### Try it
Please give back only the lines below from the one containing "Doorstep delivery service Bijpur to Punjab" to the one containing "Kogepunktet med Filiz Yasar - Cover Image", each repeated word for word, both ends included.

### Records shown
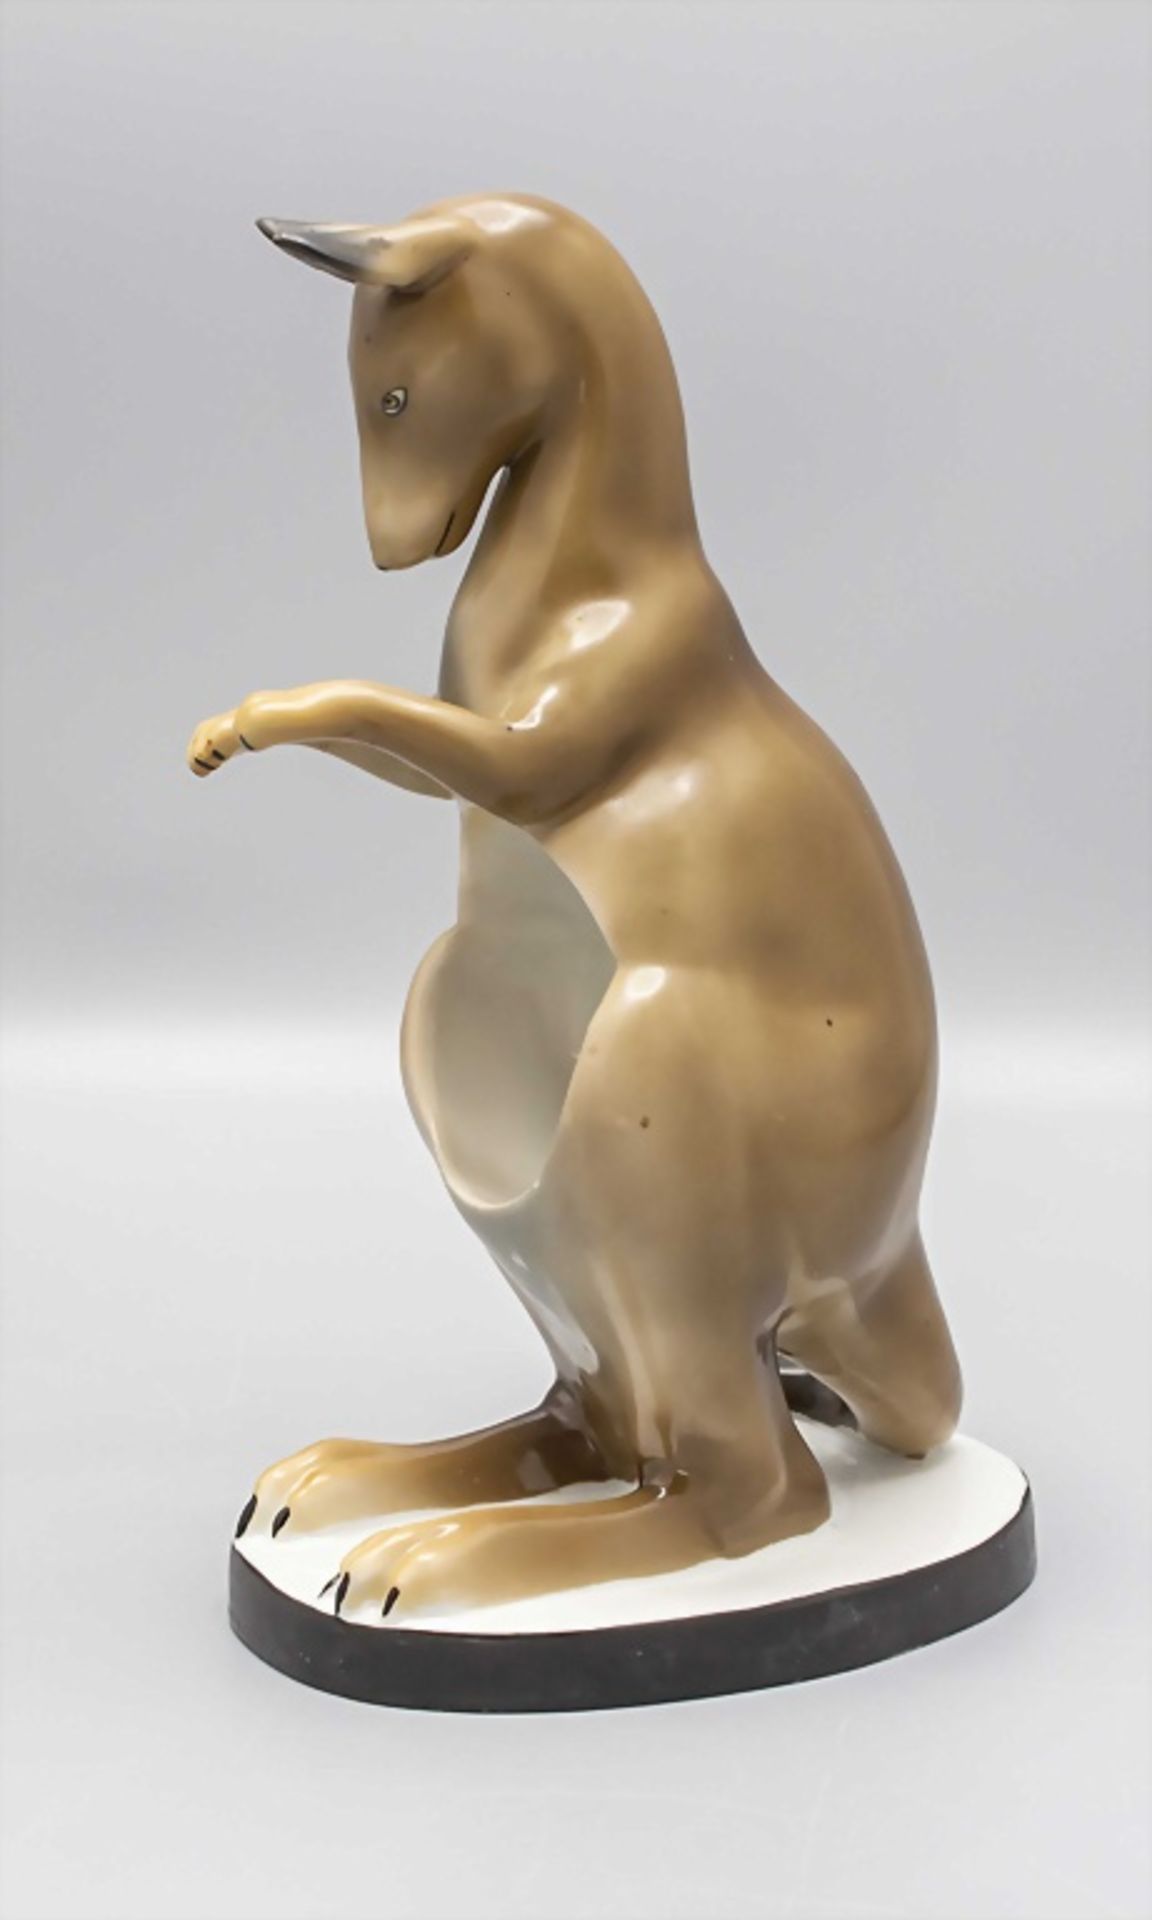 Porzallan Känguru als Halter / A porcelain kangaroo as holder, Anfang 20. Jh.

--

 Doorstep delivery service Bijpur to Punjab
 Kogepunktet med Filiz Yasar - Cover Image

### Response to this task
 Doorstep delivery service Bijpur to Punjab
 Kogepunktet med Filiz Yasar - Cover Image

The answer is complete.